== Action item ==
Print the listing exactly.

== Data extracts ==
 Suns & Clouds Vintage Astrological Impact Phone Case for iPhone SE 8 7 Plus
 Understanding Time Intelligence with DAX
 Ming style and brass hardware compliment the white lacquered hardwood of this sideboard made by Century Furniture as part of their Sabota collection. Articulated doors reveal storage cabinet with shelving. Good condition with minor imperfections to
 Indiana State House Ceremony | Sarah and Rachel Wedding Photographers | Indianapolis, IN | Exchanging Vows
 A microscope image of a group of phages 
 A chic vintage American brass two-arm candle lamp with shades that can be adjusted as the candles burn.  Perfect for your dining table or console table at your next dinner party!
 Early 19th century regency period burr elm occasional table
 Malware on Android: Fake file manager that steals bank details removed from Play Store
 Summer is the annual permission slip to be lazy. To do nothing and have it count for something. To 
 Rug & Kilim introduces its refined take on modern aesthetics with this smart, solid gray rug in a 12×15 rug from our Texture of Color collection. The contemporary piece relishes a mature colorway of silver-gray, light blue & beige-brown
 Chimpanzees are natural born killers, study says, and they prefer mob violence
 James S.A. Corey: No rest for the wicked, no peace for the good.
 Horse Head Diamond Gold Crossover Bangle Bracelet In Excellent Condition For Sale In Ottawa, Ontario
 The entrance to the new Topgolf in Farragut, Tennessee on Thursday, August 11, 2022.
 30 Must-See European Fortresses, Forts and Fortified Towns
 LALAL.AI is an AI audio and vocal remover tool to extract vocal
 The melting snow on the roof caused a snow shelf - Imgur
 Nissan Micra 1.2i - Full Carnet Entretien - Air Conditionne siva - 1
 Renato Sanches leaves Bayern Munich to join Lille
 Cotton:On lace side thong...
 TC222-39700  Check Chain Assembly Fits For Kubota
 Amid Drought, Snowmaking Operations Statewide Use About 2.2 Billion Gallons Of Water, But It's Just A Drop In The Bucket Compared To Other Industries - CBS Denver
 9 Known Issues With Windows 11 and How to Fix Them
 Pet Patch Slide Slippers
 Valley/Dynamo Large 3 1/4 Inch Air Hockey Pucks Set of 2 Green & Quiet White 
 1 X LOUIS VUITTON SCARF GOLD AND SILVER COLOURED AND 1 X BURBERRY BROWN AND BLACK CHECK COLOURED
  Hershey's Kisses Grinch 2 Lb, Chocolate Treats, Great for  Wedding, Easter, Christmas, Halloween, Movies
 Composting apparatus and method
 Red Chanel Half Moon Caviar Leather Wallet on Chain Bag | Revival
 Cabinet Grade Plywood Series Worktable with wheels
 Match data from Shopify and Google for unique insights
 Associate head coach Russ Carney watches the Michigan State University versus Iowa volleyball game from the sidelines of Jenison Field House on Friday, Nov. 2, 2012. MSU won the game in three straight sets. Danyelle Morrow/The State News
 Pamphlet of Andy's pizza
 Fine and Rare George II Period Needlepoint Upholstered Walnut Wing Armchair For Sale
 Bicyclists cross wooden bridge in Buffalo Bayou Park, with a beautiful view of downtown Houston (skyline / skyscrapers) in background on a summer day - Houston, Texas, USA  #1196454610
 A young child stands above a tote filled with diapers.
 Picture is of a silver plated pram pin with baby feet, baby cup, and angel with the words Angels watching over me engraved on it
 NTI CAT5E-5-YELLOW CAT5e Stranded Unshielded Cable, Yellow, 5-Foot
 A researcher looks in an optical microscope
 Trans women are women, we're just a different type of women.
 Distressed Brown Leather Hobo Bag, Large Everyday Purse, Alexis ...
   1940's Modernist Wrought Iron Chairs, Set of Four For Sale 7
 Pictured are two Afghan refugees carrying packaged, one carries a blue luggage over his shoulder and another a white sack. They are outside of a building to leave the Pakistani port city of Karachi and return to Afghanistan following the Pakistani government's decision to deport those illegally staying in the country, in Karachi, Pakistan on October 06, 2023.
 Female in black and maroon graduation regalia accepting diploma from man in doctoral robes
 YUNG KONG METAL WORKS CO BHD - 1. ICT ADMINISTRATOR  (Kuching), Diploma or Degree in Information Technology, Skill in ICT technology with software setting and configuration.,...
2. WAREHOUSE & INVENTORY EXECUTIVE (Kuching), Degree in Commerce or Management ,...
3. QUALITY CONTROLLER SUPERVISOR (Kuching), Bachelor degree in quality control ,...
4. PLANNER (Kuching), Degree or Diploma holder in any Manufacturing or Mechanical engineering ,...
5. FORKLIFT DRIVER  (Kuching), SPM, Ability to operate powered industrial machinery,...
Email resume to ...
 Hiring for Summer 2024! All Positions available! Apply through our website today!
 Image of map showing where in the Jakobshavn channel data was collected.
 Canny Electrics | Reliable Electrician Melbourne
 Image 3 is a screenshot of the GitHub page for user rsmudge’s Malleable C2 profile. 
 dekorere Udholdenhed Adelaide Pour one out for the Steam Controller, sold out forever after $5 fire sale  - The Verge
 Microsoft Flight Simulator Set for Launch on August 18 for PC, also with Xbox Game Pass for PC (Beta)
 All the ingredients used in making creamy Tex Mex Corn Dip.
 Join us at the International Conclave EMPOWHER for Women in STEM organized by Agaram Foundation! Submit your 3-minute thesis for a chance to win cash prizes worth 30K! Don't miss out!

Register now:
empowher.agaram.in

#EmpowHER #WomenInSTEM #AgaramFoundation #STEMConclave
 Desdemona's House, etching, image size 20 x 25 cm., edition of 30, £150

== Answer for this exercise ==
 Suns & Clouds Vintage Astrological Impact Phone Case for iPhone SE 8 7 Plus
 Understanding Time Intelligence with DAX
 Ming style and brass hardware compliment the white lacquered hardwood of this sideboard made by Century Furniture as part of their Sabota collection. Articulated doors reveal storage cabinet with shelving. Good condition with minor imperfections to
 Indiana State House Ceremony | Sarah and Rachel Wedding Photographers | Indianapolis, IN | Exchanging Vows
 A microscope image of a group of phages 
 A chic vintage American brass two-arm candle lamp with shades that can be adjusted as the candles burn.  Perfect for your dining table or console table at your next dinner party!
 Early 19th century regency period burr elm occasional table
 Malware on Android: Fake file manager that steals bank details removed from Play Store
 Summer is the annual permission slip to be lazy. To do nothing and have it count for something. To 
 Rug & Kilim introduces its refined take on modern aesthetics with this smart, solid gray rug in a 12×15 rug from our Texture of Color collection. The contemporary piece relishes a mature colorway of silver-gray, light blue & beige-brown
 Chimpanzees are natural born killers, study says, and they prefer mob violence
 James S.A. Corey: No rest for the wicked, no peace for the good.
 Horse Head Diamond Gold Crossover Bangle Bracelet In Excellent Condition For Sale In Ottawa, Ontario
 The entrance to the new Topgolf in Farragut, Tennessee on Thursday, August 11, 2022.
 30 Must-See European Fortresses, Forts and Fortified Towns
 LALAL.AI is an AI audio and vocal remover tool to extract vocal
 The melting snow on the roof caused a snow shelf - Imgur
 Nissan Micra 1.2i - Full Carnet Entretien - Air Conditionne siva - 1
 Renato Sanches leaves Bayern Munich to join Lille
 Cotton:On lace side thong...
 TC222-39700  Check Chain Assembly Fits For Kubota
 Amid Drought, Snowmaking Operations Statewide Use About 2.2 Billion Gallons Of Water, But It's Just A Drop In The Bucket Compared To Other Industries - CBS Denver
 9 Known Issues With Windows 11 and How to Fix Them
 Pet Patch Slide Slippers
 Valley/Dynamo Large 3 1/4 Inch Air Hockey Pucks Set of 2 Green & Quiet White 
 1 X LOUIS VUITTON SCARF GOLD AND SILVER COLOURED AND 1 X BURBERRY BROWN AND BLACK CHECK COLOURED
  Hershey's Kisses Grinch 2 Lb, Chocolate Treats, Great for  Wedding, Easter, Christmas, Halloween, Movies
 Composting apparatus and method
 Red Chanel Half Moon Caviar Leather Wallet on Chain Bag | Revival
 Cabinet Grade Plywood Series Worktable with wheels
 Match data from Shopify and Google for unique insights
 Associate head coach Russ Carney watches the Michigan State University versus Iowa volleyball game from the sidelines of Jenison Field House on Friday, Nov. 2, 2012. MSU won the game in three straight sets. Danyelle Morrow/The State News
 Pamphlet of Andy's pizza
 Fine and Rare George II Period Needlepoint Upholstered Walnut Wing Armchair For Sale
 Bicyclists cross wooden bridge in Buffalo Bayou Park, with a beautiful view of downtown Houston (skyline / skyscrapers) in background on a summer day - Houston, Texas, USA  #1196454610
 A young child stands above a tote filled with diapers.
 Picture is of a silver plated pram pin with baby feet, baby cup, and angel with the words Angels watching over me engraved on it
 NTI CAT5E-5-YELLOW CAT5e Stranded Unshielded Cable, Yellow, 5-Foot
 A researcher looks in an optical microscope
 Trans women are women, we're just a different type of women.
 Distressed Brown Leather Hobo Bag, Large Everyday Purse, Alexis ...
   1940's Modernist Wrought Iron Chairs, Set of Four For Sale 7
 Pictured are two Afghan refugees carrying packaged, one carries a blue luggage over his shoulder and another a white sack. They are outside of a building to leave the Pakistani port city of Karachi and return to Afghanistan following the Pakistani government's decision to deport those illegally staying in the country, in Karachi, Pakistan on October 06, 2023.
 Female in black and maroon graduation regalia accepting diploma from man in doctoral robes
 YUNG KONG METAL WORKS CO BHD - 1. ICT ADMINISTRATOR  (Kuching), Diploma or Degree in Information Technology, Skill in ICT technology with software setting and configuration.,...
2. WAREHOUSE & INVENTORY EXECUTIVE (Kuching), Degree in Commerce or Management ,...
3. QUALITY CONTROLLER SUPERVISOR (Kuching), Bachelor degree in quality control ,...
4. PLANNER (Kuching), Degree or Diploma holder in any Manufacturing or Mechanical engineering ,...
5. FORKLIFT DRIVER  (Kuching), SPM, Ability to operate powered industrial machinery,...
Email resume to ...
 Hiring for Summer 2024! All Positions available! Apply through our website today!
 Image of map showing where in the Jakobshavn channel data was collected.
 Canny Electrics | Reliable Electrician Melbourne
 Image 3 is a screenshot of the GitHub page for user rsmudge’s Malleable C2 profile. 
 dekorere Udholdenhed Adelaide Pour one out for the Steam Controller, sold out forever after $5 fire sale  - The Verge
 Microsoft Flight Simulator Set for Launch on August 18 for PC, also with Xbox Game Pass for PC (Beta)
 All the ingredients used in making creamy Tex Mex Corn Dip.
 Join us at the International Conclave EMPOWHER for Women in STEM organized by Agaram Foundation! Submit your 3-minute thesis for a chance to win cash prizes worth 30K! Don't miss out!

Register now:
empowher.agaram.in

#EmpowHER #WomenInSTEM #AgaramFoundation #STEMConclave
 Desdemona's House, etching, image size 20 x 25 cm., edition of 30, £150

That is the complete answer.